In 1910, he had his first solo exhibition in Bern.That year he met Wassily Kandinsky, Franz Marc, and
other avant-garde
(=de vanguardia) figures, and became associated with the art group known as
Der Blaue Reiter (The Blue Horseman). The association with
Kandinsky opened his mind to modern theories of color.
His travels to Paris in 1912 exposed (=expuesto)
him to Cubism. Klee began working out his own
colour experiments in pale
watercolors (=acuarelas) and did some primitive landscapes
(=paisajes), including 'In the Quarry '(1913) and 'Houses near the Gravel Pit'
(1913), using blocks of color.
In
1914 Klee went to Tunisia for two weeks. He arrived in Kairouan, Tunisia
on April 15, 1914. Kairouan means "the fortified town" in Arabic.

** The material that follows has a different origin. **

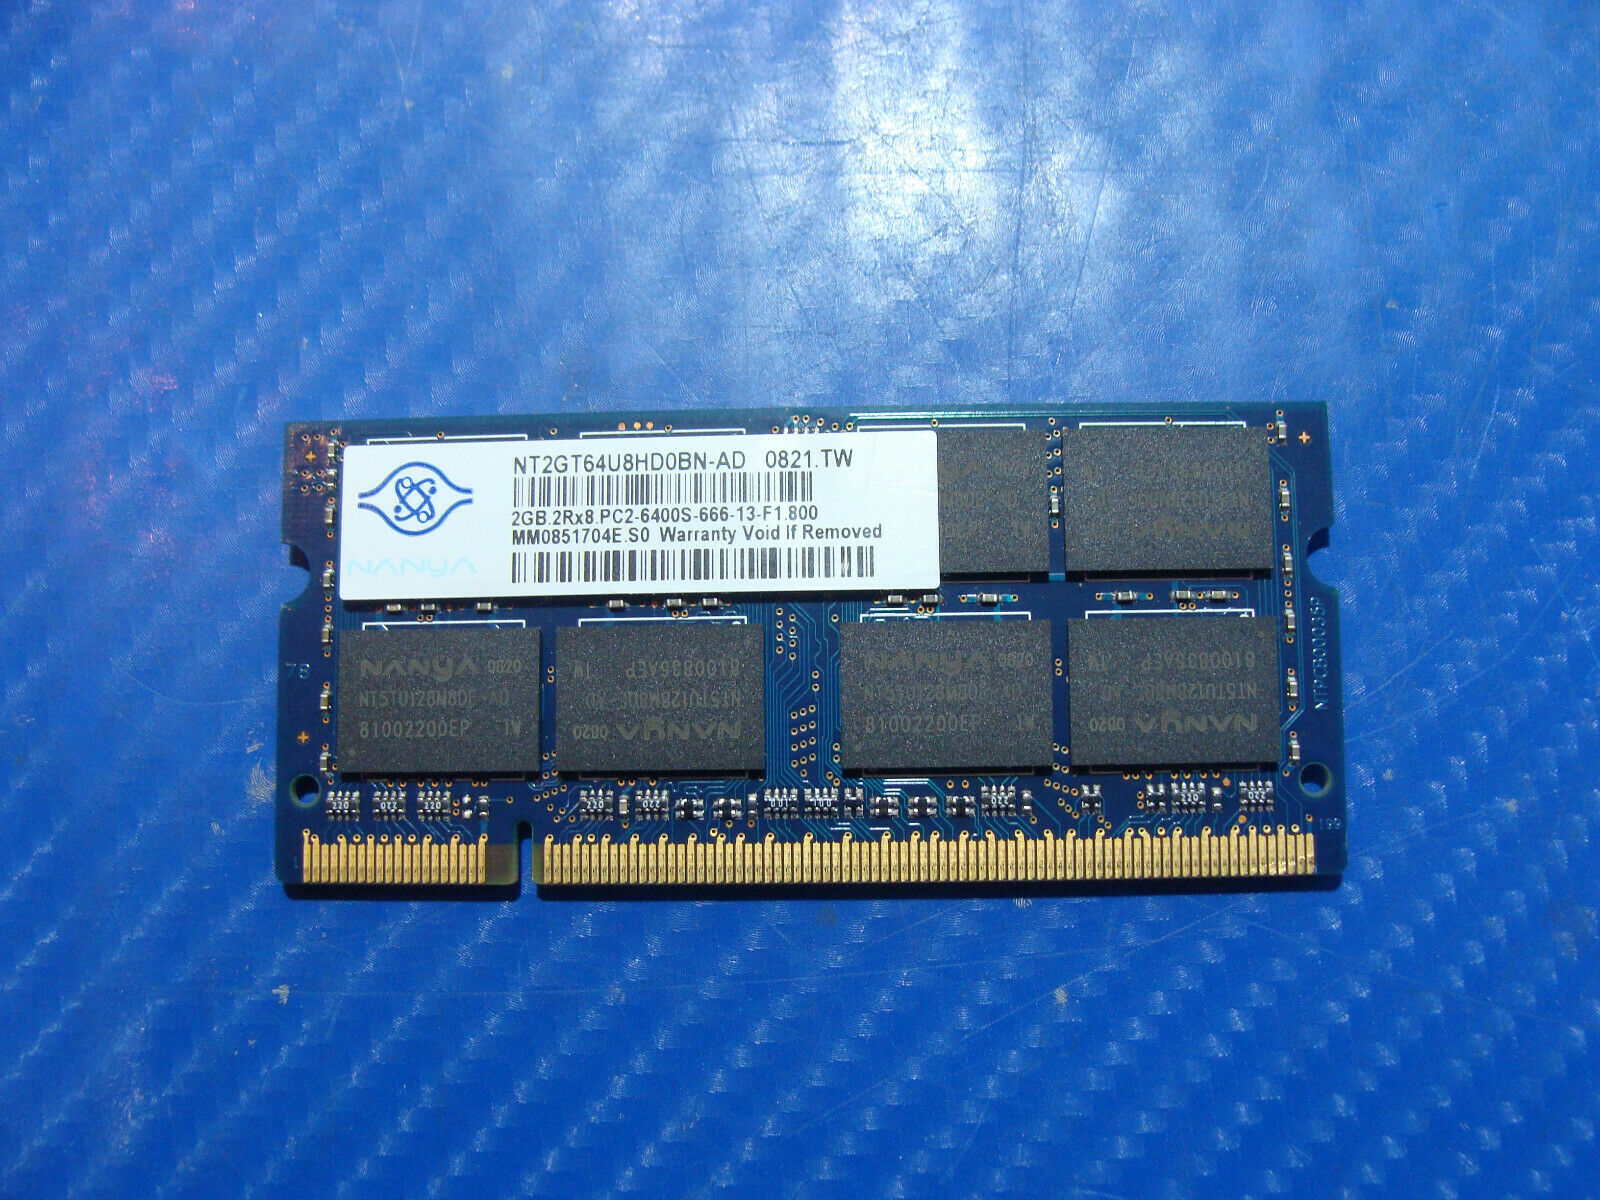 Asus G72GX Nanya Laptop 2GB 2Rx8 Memory PC2-6400S-666-13-F1 NT2GT64U8HD0BN-AD #2 Nanya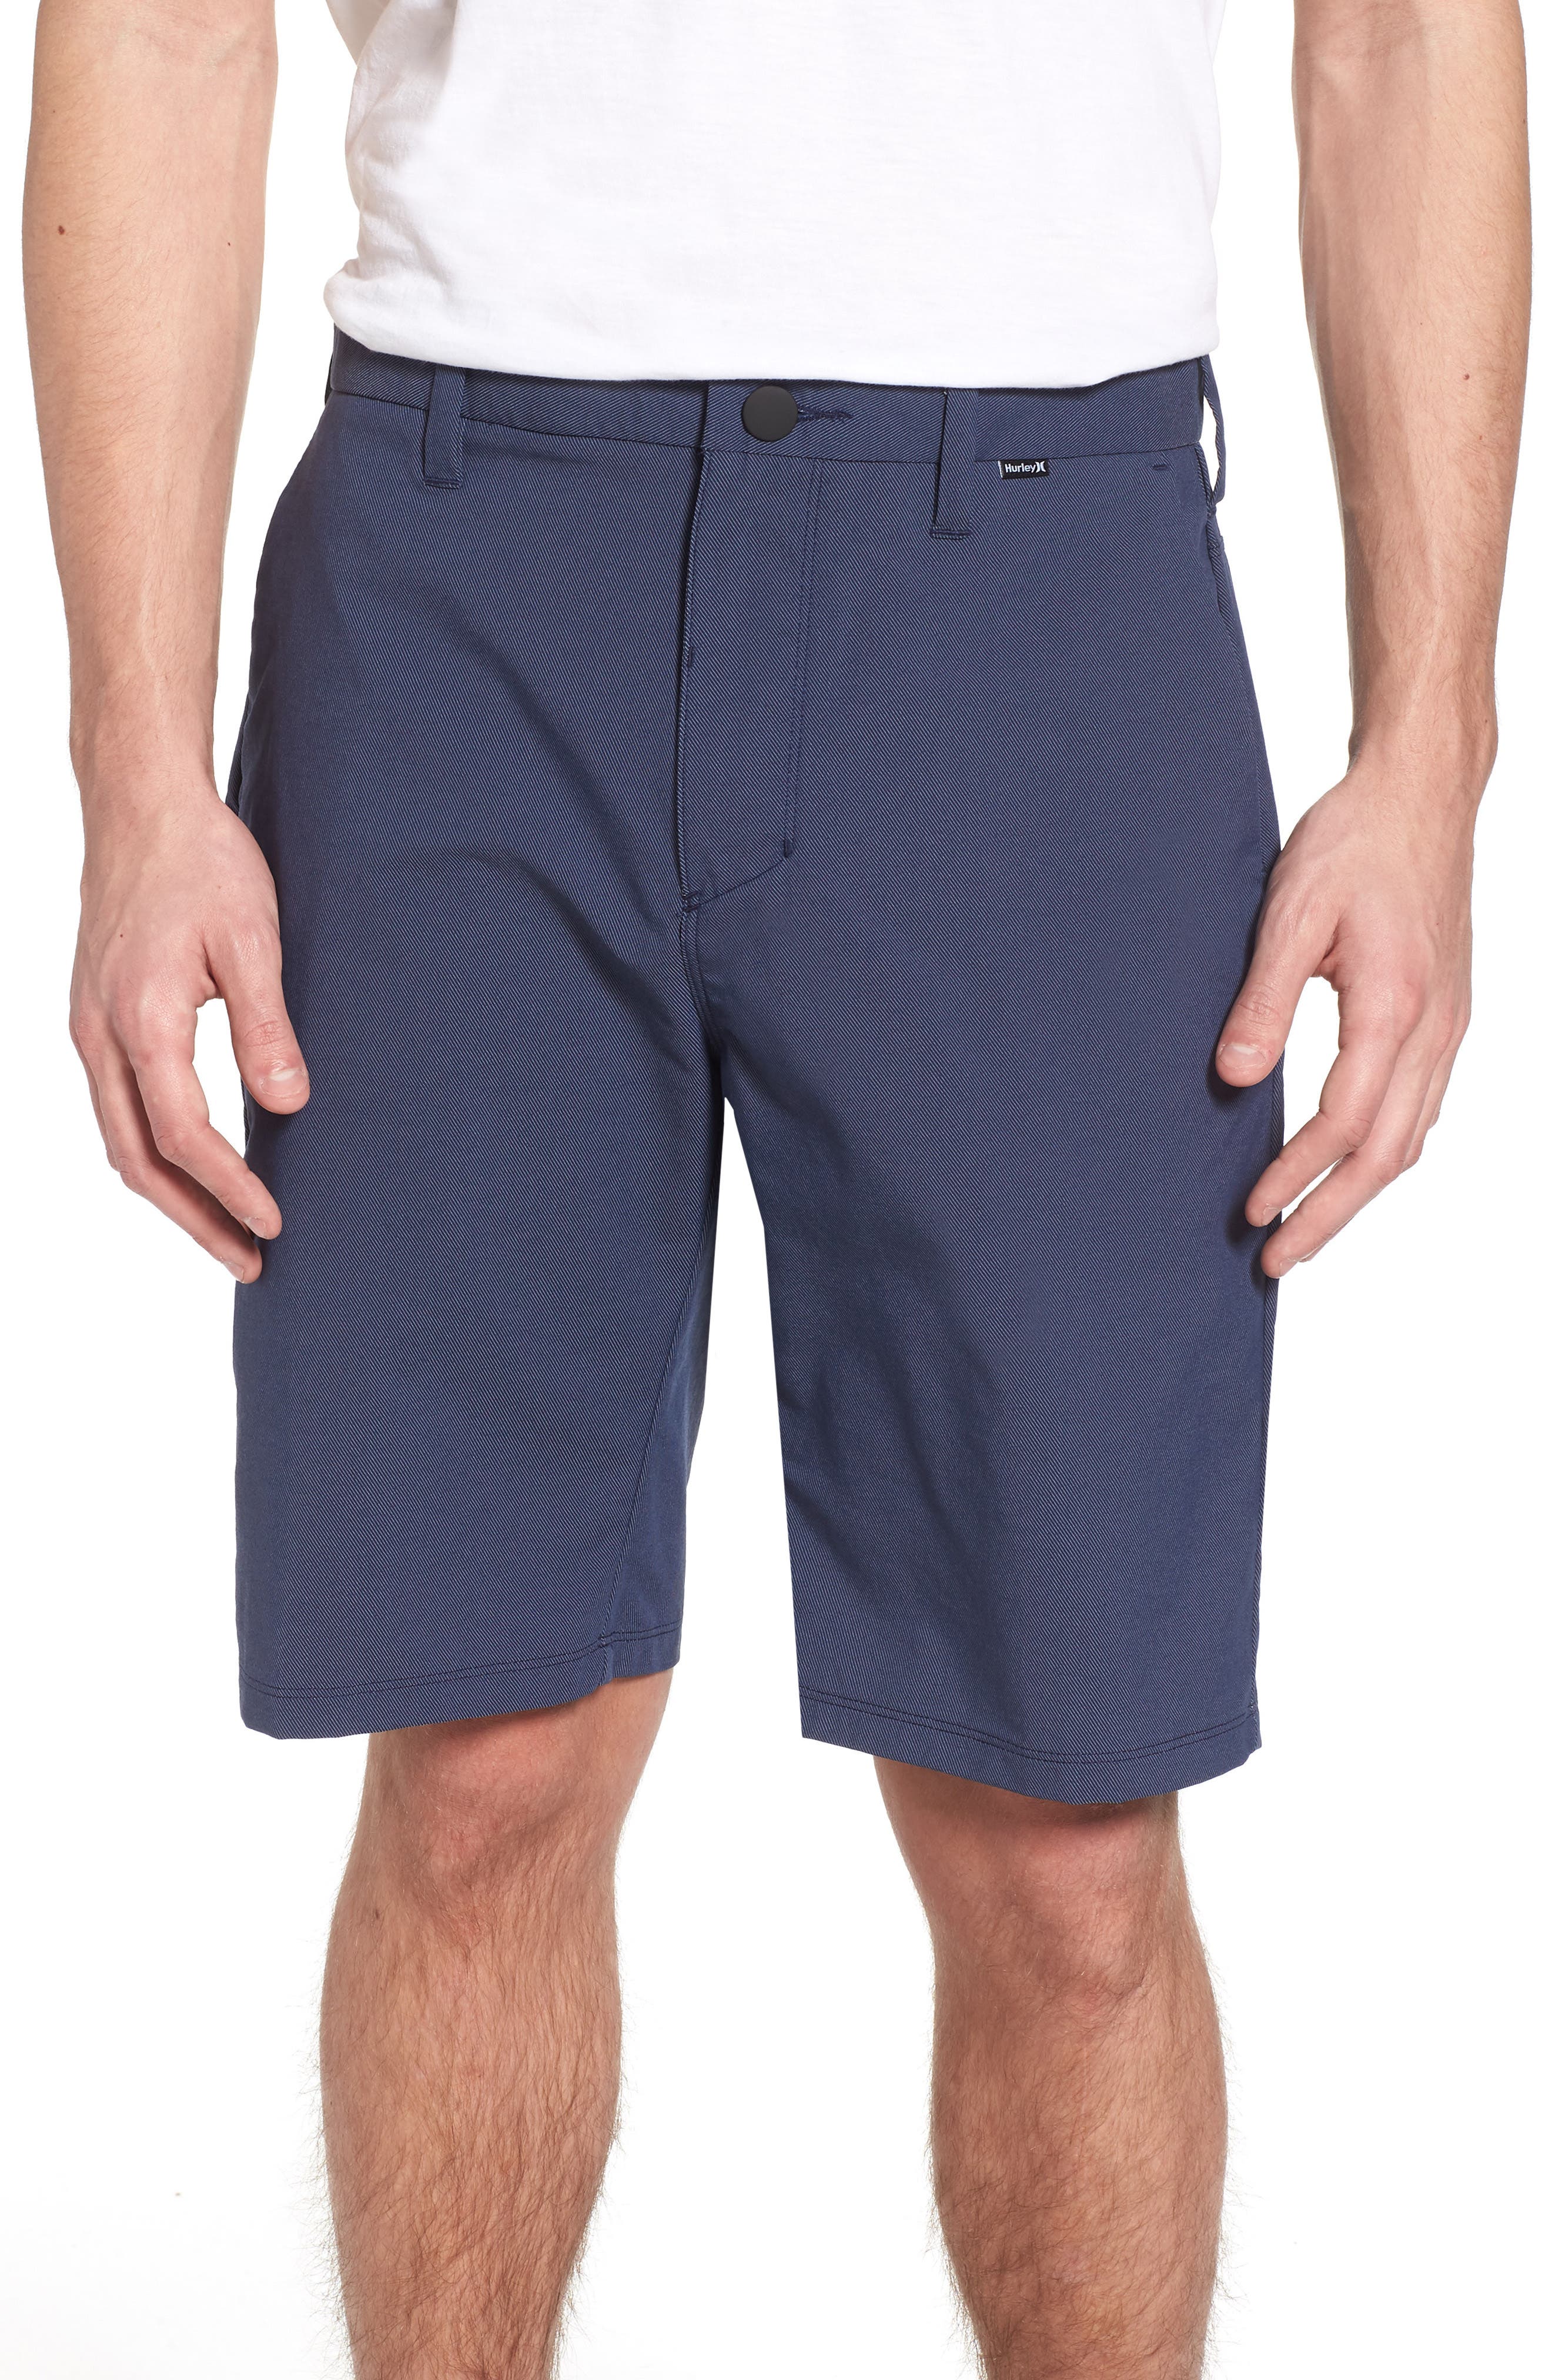 mens cargo shorts 15 inch inseam, Men's Shorts | Women's Shorts ...

After returning home, Klee painted his first pure abstract. 'In the Style of
Kairouan' (1914), composed of colored
rectangles and a few circles. The colored rectangle became his basic building block, what some
scholars (=eruditos) associate with a musical note.
A few weeks later, World War I began. At first, Klee was not involved in it,
but in 1916, he joined the German war effort, and ended up painting camouflage on airplanes and working as a
clerk (=oficinista). He continued to paint during the entire war and managed to exhibit in several shows.
In 1917, Klee’s work was selling well. His 'Ab ovo' (1917) is interesting for the sophisticated technique he used. It employs watercolor on
gauze
(=gasa) and paper with a chalk ground (=tiza
molida).
Mature career
Klee taught at the Bauhaus, the art school newly formed in 1919 to unite arts and
crafts (=artesanías). Klee was a “Form” master in the
bookbinding (=armado de libros), stained
glass (=vitraux), and mural painting workshops. From
the start, the Nazi movement denounced the Bauhaus for its "degenerate art" and in 1933 they
shut down the Bauhaus. They also searched Klee's home and he was fired from his job. His self-portrait
'Struck from the List'(=Tachado de la Lista)(1933)
commemorates (=conmemora) the sad occasion.
In 1933-4, Klee had shows in London and Paris, and finally met Picasso whom he greatly admired. The Klee family emigrated to Switzerland in late 1933.
Klee was in his most creative moment. His 'Ad Parnassum' (1932) is considered his masterpiece and the best
example of his pointillist style.

He died in Muralto, Locarno, Switzerland, in 1940.